Сказано: неисповедимы пути Господни…

Не угадаешь… не предскажешь, где и когда случится у судьбы поворот…

Полюбилась Фёдору Аграфена, Грунюшка.

Сам не хотел верить в это: у него Глаша была, невеста желанная.

И… уж случилось… Так уж случилось между ними с Глашенькою сокровенное – до свадьбы… Фёдор утешал Глашу:

-На Казанскую обвенчаемся. Виноват я перед тобою… Ты прости меня, душа моя, – что женою мне до венца стала.

Глаша плакала в девичьей тревоге… А сердце радовалось: люб ей Фёдор… Так люб, что противиться желанию его не могла. Верила, что так же люба ему, – раз случилось у них…

И уже ничего не вернуть, – когда волною хлынула молва по Зарничному: другую Фёдор полюбил…

Любовь-то разве утаишь.

И встречались Фёдор с Груней на пути у друг друга.

И слова единственного… а порою – и взгляда для счастья хватало…
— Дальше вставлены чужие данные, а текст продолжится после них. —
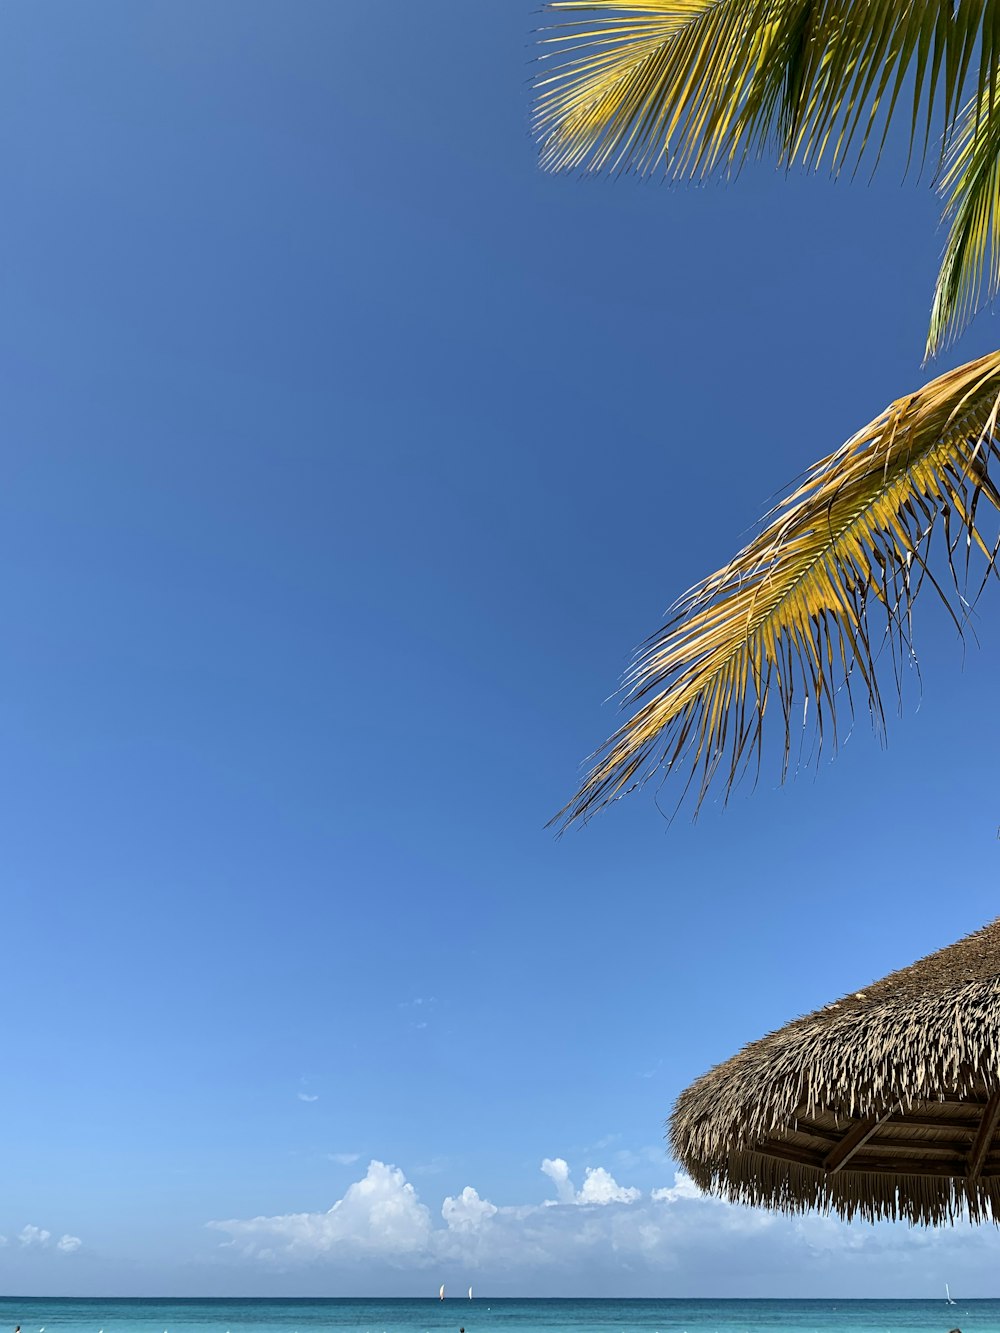 a beach with a palm tree and a blue sky

О любви своей лишь не говорили.

Что ж говорить, если у Фёдора свадьба с другою назначена…

И тут крёстная Фёдора припомнила такое… от чего бабы в Зарничном лишь молча переглянулись: неужто и правда… исполнилось…

Припомнила Пелагея Мироновна, головою покачала:

-Вот и верь-не верь… А всё сходится. Сколько лет прошло!.. Как в воду глядела Евдокия…
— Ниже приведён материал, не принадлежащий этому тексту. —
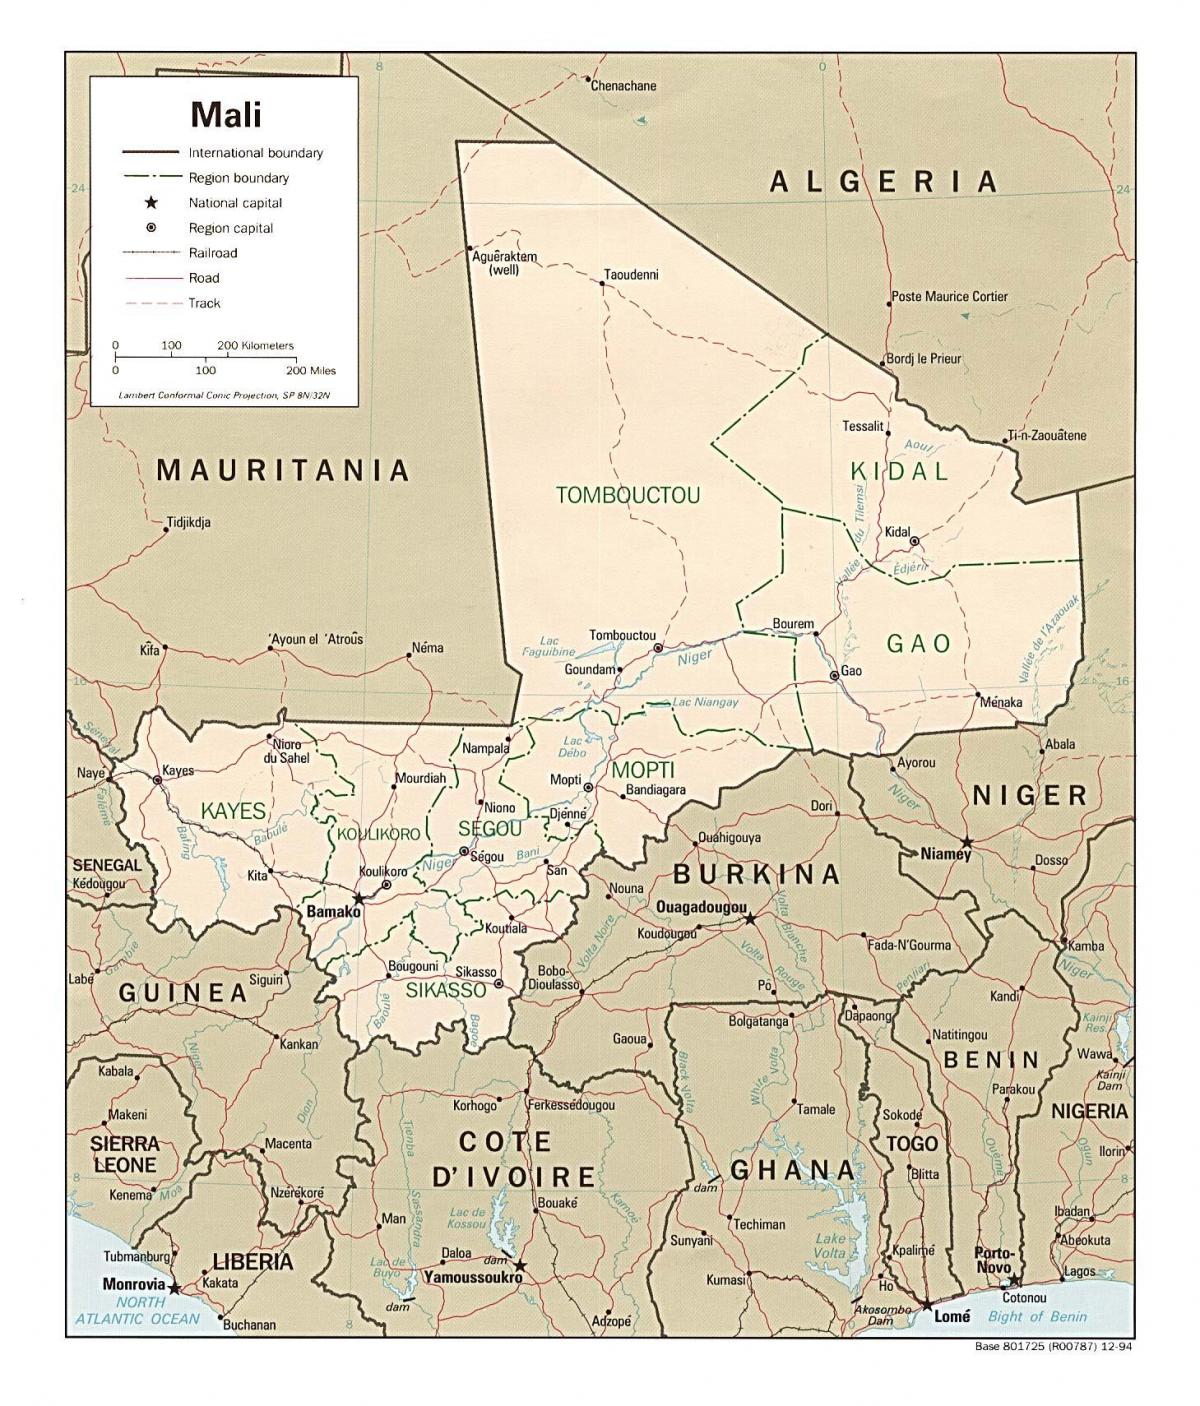 Peta Mali negara

Ещё в девичестве слыхивала Пелагея от маманюшки своей – про то, что в Зарничном жила в прежние годы ворожка, Евдокия. Она-то, Евдокия, и нагадала… – либо напророчила – Захару Полунину, что не сбудется в его жизни любовь… Что и женится без любви.

Верь-не верь, а так и вышло: Настя, невеста Захарова, – уж засватанная! – не сдержала данного слова, за другого вышла. Тем летом мужики здешние – и Захар с ними – выдвинулись с обозами в сторону войны… С французами тогда воевали. А обозы – гружёные луганскими пушками и снарядами.

Исполнилось первое Евдокиино пророчество: не дождалась Захара Настя, – хоть и обещала… хоть и про любовь говорила.

А на Катерине женился Захар – тоже по словам Евдокии: не любил её… Надеялся ли, – что клин клином вышибают… Либо Катину любовь пожалел, – видел, что люб он ей.

Так Евдокия и дальше наворожила: мол, – лишь в далёком… невидимом нам, неразличимом далеке суждено сбыться той любви, что у тебя не сбылась, Захарушка…

Анисья, Захарова крёстная, кинулась, было, к ворожке, – пристыдить Евдокию по-бабьи: дескать, что парню голову морочишь! Наговорила, – чего ни попадя, никак, к себе мальчишку привязать решила. Знаем таких! Чуть ли не в матери годишься ему, а – туда же! Про любовь разговоры с ним ведёшь!

А она, ворожка, и Анисье, крёстной Захаровой, эти же слова сказала: сбудется любовь… Но – не скоро…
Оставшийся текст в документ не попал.